莱昂没有否认。他解开军服内袋,取出一枚琥珀色水晶瓶。瓶中液体缓缓旋转,映出无数重叠影像:哈梅尔镇孩童的笑脸、石峰郡病愈老农的泪水、皇家医院里新生婴儿的啼哭……所有画面最终坍缩成一点微光,光中浮现出拉米娅消瘦的侧脸,她正将一支装着淡金色液体的试管塞进少年莱昂手中。

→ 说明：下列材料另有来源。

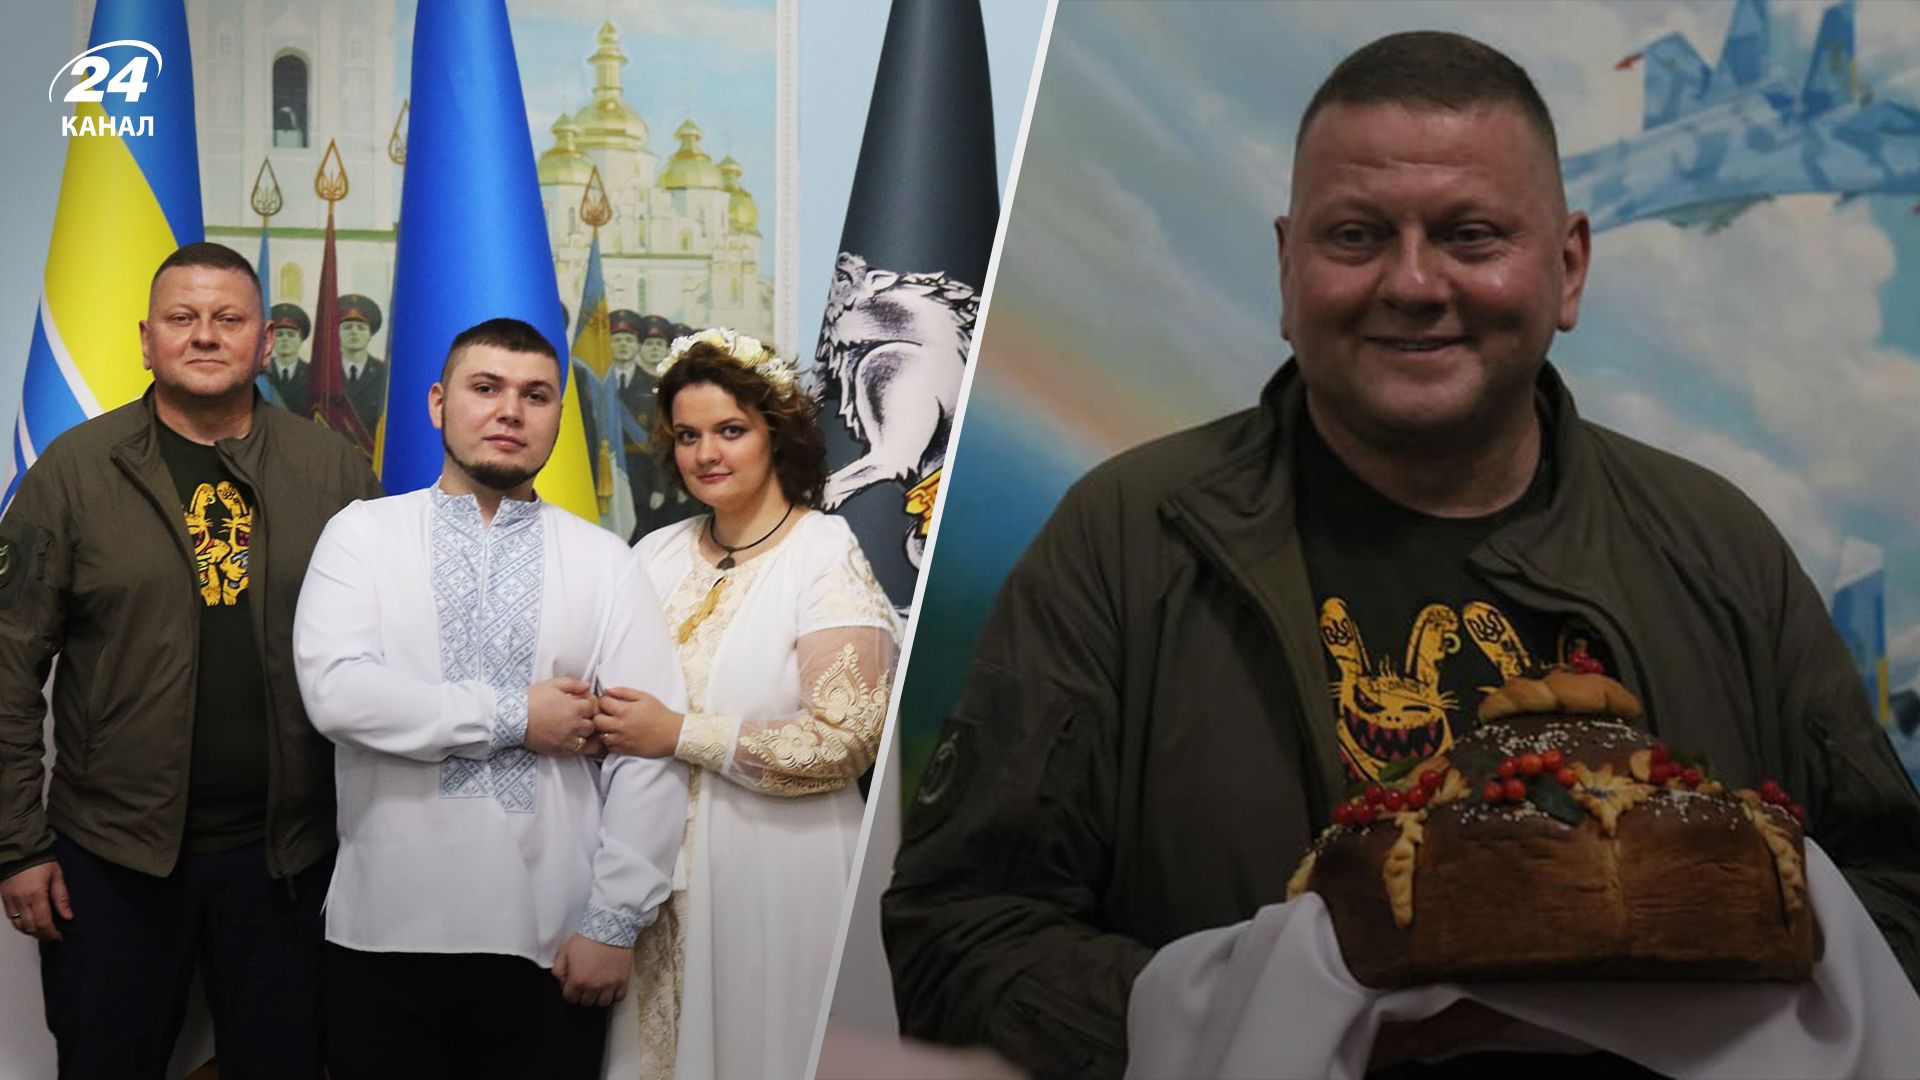 Заохочення за гарну службу: як Залужний відвідав весілля звичайного українського воїна - 24 Канал
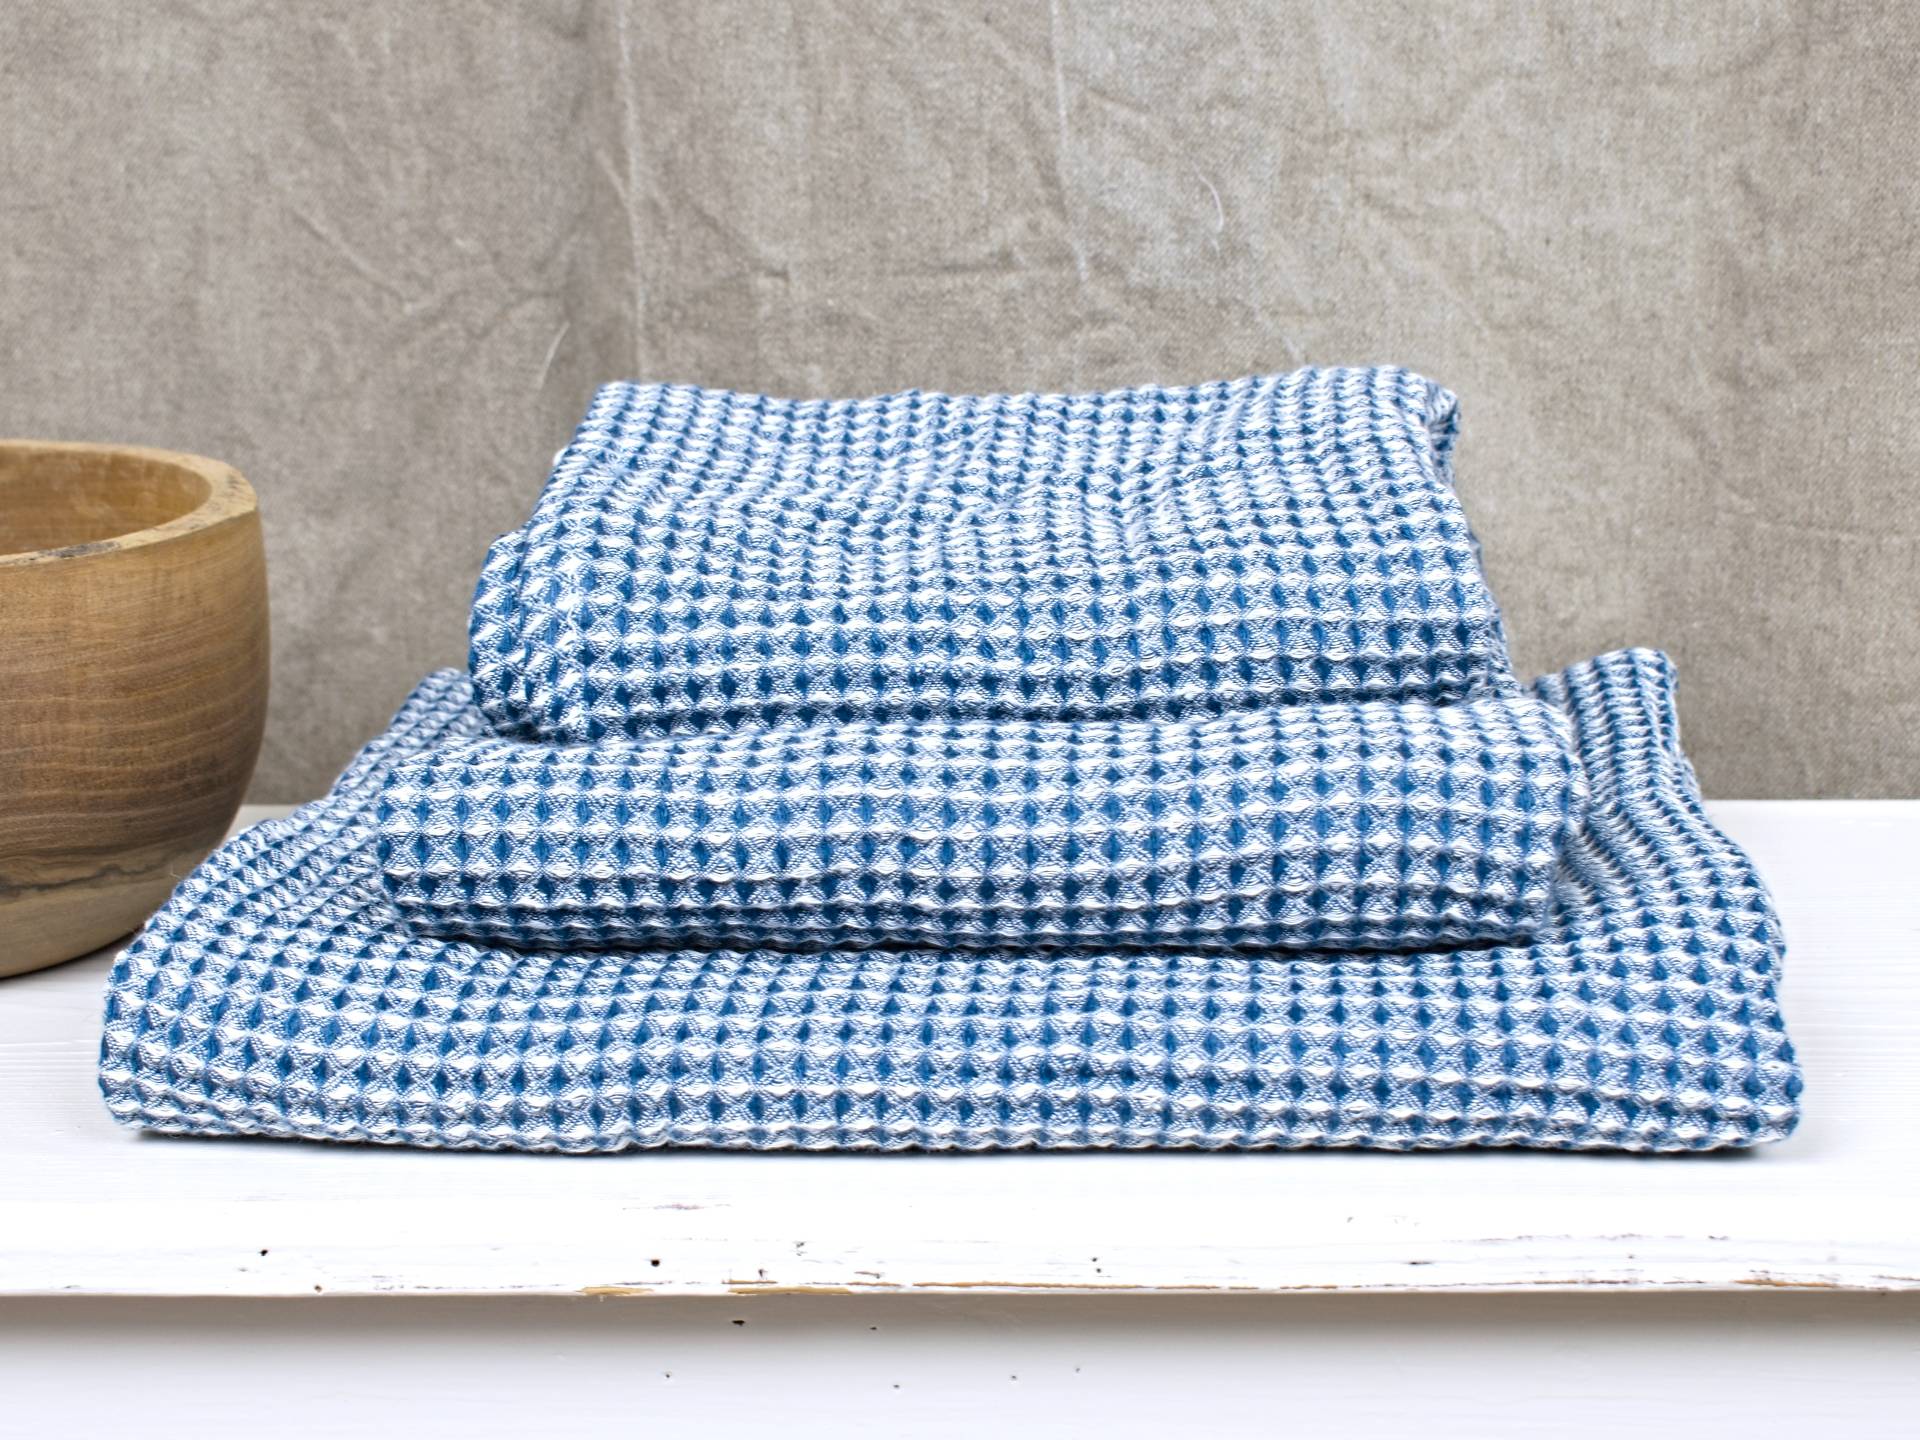 Lněný ručník vaflový modrý 35 x 50 cm

“老师说,解药不该用于治愈,而该用于审判。”莱昂拧开瓶盖,将液体倾入掌心。金光暴涨,瞬间吞没整个客厅,众人眼前只剩无数破碎镜面,每面镜中都映着不同年龄的亚伦——登基时意气风发的青年、批阅瘟疫奏章时眉头紧锁的君王、抚摸病童额头时温柔微笑的兄长……而所有镜面边缘,都缠绕着同一条衔尾蛇。
朵露茜的声音从金光深处传来,既像叹息又似咏叹:“现在,诸位亲眼见证的,不是叛国者芬里尔的阴谋——而是药师莱昂,为他唯一的病人,开具的终极处方。”
金光骤然熄灭。
客厅恢复昏暗,唯有挂钟秒针依旧逆跳,发出细微却清晰的“咔哒”声。
艾莉西娅盯着自己掌心——那里不知何时多了一道新鲜血痕,形状恰如衔尾蛇咬尾闭环。
芙蕾德默默拾起碎裂的圣徽,将渗血的裂痕按在唇边。
乔尼深深吸气,军靴踏碎地上铜片,弯腰捡起半枚蛇徽,塞进怀中。
莱昂整理好军服纽扣,转身走向门口。门扉开启时,走廊烛火被穿堂风掀起,光影在他背后拉出长长的、分裂成无数条的影子——每道影子里,都站着一个手持药剂瓶的莱昂,瓶中液体颜色各异:猩红、靛蓝、惨白、漆黑……
而最靠近门框的那道影子,正静静举起手臂,朝向东南方。
那里,东南大教区的钟楼尖顶正刺破浓云,钟声遥遥传来,一声,又一声,缓慢得如同垂死者的心跳。